### Available data ###

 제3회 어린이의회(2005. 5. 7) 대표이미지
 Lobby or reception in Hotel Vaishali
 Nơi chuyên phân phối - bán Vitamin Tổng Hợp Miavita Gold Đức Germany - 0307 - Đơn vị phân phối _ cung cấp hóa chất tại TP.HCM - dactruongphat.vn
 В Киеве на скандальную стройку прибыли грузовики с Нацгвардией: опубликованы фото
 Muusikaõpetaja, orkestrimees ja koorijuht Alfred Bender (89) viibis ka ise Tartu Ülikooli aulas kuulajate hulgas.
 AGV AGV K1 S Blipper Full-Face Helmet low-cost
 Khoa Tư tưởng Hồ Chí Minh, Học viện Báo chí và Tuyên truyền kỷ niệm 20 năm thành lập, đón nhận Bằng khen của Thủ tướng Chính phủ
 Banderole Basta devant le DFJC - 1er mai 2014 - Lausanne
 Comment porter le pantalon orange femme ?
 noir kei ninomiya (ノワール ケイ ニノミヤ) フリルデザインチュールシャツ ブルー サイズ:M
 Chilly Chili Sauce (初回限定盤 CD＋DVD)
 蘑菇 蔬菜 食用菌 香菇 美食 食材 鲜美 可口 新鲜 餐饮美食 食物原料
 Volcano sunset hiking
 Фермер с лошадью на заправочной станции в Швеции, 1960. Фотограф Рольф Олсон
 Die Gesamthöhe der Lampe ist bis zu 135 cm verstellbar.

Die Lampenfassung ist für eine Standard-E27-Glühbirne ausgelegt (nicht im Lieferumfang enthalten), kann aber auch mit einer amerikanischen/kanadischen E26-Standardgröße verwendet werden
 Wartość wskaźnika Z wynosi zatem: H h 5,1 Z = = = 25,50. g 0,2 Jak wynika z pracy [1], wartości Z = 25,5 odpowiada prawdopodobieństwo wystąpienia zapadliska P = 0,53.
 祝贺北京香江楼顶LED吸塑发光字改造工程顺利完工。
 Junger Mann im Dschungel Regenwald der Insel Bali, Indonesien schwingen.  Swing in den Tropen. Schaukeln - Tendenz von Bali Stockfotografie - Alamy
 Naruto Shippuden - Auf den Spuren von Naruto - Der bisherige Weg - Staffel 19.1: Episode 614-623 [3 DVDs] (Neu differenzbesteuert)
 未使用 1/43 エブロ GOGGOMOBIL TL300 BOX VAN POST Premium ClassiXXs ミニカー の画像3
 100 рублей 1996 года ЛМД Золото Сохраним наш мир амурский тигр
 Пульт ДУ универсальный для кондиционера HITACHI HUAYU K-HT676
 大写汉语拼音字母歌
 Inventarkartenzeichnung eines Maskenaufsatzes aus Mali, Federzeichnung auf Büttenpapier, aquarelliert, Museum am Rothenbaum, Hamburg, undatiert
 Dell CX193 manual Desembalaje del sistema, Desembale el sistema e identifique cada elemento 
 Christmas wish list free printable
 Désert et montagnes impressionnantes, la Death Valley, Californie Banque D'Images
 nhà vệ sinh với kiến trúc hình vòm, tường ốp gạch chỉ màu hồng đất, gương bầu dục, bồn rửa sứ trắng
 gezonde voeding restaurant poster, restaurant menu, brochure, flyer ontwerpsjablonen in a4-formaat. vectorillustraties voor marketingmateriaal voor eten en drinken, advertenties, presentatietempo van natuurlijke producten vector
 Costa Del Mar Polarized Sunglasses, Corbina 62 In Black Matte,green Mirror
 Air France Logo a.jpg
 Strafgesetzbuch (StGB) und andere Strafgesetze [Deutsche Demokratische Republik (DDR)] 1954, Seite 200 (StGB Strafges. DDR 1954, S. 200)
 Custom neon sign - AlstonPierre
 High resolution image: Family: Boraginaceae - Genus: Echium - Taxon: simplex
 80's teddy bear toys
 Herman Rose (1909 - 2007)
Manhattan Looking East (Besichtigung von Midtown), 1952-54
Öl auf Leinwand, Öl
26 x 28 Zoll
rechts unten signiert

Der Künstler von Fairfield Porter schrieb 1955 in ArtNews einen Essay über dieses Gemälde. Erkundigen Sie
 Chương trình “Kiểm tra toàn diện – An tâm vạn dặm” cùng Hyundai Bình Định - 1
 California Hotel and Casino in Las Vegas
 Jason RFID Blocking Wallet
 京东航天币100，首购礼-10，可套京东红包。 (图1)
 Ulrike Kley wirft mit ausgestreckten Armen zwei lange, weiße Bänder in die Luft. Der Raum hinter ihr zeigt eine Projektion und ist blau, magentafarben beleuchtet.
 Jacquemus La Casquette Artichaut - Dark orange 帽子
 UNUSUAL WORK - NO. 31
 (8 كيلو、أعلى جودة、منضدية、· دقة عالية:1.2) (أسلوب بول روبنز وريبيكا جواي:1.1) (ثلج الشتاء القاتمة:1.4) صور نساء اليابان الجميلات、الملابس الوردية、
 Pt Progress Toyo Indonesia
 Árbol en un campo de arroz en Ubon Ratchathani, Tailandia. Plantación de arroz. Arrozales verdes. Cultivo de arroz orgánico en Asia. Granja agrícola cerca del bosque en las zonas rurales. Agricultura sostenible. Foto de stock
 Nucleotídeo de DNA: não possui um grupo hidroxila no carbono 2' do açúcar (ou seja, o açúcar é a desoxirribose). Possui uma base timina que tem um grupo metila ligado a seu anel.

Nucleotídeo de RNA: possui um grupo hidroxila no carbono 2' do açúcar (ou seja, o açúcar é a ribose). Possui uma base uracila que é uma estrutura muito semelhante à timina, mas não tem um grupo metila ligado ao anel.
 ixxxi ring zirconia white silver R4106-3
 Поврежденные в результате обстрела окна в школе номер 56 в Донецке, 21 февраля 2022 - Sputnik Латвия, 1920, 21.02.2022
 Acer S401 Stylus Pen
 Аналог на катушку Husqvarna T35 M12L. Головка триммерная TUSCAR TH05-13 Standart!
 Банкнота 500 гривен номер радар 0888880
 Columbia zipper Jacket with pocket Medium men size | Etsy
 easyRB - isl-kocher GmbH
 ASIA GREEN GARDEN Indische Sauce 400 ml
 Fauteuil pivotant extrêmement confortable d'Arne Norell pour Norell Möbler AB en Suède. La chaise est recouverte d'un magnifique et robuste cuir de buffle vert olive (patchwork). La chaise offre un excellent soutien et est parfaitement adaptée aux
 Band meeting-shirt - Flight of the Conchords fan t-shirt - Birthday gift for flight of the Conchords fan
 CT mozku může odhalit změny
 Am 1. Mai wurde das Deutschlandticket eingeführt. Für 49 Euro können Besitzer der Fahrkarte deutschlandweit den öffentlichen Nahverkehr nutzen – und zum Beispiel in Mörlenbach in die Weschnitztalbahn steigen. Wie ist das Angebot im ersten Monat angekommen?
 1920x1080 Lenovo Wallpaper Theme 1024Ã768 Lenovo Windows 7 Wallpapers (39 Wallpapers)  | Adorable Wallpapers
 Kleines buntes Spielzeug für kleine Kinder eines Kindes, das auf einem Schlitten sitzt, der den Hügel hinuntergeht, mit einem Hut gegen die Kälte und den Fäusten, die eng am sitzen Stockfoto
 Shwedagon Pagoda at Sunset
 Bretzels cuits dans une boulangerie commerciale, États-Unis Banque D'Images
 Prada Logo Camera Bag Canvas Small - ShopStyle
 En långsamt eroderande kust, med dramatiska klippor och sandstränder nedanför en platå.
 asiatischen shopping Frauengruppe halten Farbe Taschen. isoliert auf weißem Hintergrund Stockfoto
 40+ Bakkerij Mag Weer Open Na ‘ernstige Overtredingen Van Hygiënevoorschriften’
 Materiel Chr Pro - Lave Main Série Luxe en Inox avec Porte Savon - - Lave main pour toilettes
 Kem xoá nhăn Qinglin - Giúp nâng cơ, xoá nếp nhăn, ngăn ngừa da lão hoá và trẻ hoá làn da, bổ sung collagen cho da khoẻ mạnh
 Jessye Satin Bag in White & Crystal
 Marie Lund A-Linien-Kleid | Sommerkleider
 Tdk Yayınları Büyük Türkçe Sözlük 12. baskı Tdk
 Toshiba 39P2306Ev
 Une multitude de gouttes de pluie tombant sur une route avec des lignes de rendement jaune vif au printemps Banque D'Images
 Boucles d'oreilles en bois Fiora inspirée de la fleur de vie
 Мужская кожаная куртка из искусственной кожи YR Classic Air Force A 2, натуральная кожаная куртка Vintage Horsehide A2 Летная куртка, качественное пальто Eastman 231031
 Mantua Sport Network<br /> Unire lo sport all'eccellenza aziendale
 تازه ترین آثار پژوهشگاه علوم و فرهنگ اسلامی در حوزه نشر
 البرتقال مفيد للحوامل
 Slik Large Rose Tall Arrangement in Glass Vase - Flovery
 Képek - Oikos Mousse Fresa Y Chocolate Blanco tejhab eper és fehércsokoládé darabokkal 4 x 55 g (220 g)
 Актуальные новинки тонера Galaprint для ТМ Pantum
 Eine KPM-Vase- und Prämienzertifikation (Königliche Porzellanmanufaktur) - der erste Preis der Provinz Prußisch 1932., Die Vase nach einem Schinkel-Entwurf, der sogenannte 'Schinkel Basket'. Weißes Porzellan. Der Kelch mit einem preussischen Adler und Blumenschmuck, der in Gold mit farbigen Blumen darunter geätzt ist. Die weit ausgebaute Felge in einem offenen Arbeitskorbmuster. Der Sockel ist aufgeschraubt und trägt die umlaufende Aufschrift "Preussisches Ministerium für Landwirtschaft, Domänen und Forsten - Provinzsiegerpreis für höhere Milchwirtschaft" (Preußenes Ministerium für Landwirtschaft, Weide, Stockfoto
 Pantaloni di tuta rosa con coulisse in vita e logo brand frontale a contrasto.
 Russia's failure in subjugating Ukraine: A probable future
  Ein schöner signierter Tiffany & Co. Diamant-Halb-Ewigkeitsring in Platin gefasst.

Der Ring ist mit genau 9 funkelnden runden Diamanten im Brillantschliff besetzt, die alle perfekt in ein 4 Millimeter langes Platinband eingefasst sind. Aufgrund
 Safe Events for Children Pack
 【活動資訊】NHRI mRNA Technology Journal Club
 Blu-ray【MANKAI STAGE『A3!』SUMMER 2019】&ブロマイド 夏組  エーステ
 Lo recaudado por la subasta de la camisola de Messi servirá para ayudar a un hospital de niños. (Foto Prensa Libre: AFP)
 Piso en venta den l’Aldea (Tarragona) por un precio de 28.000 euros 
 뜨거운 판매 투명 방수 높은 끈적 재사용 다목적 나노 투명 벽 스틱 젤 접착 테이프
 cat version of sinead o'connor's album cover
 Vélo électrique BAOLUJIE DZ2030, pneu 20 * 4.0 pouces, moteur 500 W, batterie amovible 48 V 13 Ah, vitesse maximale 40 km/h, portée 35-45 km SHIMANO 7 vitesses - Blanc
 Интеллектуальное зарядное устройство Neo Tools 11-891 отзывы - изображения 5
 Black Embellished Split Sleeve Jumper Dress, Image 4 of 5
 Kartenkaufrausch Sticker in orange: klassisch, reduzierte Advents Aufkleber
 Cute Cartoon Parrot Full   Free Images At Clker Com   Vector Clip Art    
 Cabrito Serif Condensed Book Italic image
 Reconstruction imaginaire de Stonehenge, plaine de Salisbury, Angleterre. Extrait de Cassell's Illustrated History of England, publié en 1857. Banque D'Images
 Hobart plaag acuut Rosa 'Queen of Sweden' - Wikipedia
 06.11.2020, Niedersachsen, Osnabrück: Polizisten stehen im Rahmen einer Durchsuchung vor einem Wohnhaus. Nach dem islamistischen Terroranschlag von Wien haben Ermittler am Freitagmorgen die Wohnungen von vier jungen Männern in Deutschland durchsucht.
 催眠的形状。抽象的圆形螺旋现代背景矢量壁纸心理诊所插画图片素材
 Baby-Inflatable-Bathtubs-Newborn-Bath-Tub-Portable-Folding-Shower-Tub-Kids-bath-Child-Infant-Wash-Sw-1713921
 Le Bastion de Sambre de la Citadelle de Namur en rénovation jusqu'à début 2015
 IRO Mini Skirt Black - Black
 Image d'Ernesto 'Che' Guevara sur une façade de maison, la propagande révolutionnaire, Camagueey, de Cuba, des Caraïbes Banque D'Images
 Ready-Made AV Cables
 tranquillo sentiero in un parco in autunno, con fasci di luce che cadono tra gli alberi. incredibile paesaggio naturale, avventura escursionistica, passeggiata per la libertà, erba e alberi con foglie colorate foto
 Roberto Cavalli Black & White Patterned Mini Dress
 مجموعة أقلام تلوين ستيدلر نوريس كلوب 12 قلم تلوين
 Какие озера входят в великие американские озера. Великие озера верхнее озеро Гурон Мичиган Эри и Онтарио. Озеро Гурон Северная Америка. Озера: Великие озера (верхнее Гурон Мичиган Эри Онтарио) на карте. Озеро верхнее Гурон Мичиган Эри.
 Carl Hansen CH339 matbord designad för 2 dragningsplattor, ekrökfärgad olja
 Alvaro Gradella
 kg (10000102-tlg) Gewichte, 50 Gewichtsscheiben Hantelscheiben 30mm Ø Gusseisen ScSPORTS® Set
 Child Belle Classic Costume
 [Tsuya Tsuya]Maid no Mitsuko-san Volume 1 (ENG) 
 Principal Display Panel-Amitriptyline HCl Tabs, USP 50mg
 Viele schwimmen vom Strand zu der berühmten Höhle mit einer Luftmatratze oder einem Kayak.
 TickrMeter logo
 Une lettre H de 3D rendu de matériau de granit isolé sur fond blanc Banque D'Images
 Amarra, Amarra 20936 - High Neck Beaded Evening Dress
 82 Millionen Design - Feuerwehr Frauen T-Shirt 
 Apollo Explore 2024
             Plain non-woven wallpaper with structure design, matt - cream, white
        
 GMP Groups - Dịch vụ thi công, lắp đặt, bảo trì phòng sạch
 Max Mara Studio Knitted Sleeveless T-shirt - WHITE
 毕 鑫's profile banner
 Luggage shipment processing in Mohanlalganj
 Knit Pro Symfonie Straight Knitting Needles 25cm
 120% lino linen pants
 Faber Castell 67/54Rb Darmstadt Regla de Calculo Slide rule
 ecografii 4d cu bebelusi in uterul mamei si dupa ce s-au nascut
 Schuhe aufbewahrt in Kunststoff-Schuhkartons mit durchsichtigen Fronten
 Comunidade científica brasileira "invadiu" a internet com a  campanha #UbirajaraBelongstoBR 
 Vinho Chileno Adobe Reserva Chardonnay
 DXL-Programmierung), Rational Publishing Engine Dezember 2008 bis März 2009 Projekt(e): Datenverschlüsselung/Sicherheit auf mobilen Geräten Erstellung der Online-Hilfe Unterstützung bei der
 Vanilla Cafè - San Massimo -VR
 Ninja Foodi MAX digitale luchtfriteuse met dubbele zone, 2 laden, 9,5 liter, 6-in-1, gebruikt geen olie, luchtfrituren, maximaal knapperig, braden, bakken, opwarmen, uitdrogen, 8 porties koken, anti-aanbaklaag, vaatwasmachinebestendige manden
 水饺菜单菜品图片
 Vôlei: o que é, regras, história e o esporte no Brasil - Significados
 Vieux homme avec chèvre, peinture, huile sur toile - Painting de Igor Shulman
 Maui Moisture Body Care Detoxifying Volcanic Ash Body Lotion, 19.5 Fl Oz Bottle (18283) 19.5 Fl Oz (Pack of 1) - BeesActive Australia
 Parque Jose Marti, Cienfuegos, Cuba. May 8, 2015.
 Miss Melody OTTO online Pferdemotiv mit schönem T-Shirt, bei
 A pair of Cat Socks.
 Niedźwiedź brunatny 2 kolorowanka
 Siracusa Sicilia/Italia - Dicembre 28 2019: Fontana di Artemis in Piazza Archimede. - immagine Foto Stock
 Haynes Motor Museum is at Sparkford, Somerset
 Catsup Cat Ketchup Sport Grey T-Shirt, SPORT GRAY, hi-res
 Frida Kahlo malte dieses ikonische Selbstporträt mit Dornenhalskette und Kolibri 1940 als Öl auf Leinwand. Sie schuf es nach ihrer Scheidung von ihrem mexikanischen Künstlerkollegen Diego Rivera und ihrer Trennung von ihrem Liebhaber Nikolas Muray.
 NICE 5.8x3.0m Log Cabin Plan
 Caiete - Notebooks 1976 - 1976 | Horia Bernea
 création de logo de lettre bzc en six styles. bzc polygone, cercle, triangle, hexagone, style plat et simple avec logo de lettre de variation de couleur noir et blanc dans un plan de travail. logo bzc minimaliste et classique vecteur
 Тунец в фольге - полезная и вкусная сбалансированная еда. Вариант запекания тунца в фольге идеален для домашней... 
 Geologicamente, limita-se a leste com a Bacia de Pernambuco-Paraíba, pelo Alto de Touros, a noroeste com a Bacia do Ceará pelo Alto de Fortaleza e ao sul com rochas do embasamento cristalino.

###

**About this task**
Find "Поврежденные в результате" in the entries above and copy that whole line exactly, then each line after it through the line that contains "Fauteuil pivotant extrêmement".

**Your response**
 Поврежденные в результате обстрела окна в школе номер 56 в Донецке, 21 февраля 2022 - Sputnik Латвия, 1920, 21.02.2022
 Acer S401 Stylus Pen
 Аналог на катушку Husqvarna T35 M12L. Головка триммерная TUSCAR TH05-13 Standart!
 Банкнота 500 гривен номер радар 0888880
 Columbia zipper Jacket with pocket Medium men size | Etsy
 easyRB - isl-kocher GmbH
 ASIA GREEN GARDEN Indische Sauce 400 ml
 Fauteuil pivotant extrêmement confortable d'Arne Norell pour Norell Möbler AB en Suède. La chaise est recouverte d'un magnifique et robuste cuir de buffle vert olive (patchwork). La chaise offre un excellent soutien et est parfaitement adaptée aux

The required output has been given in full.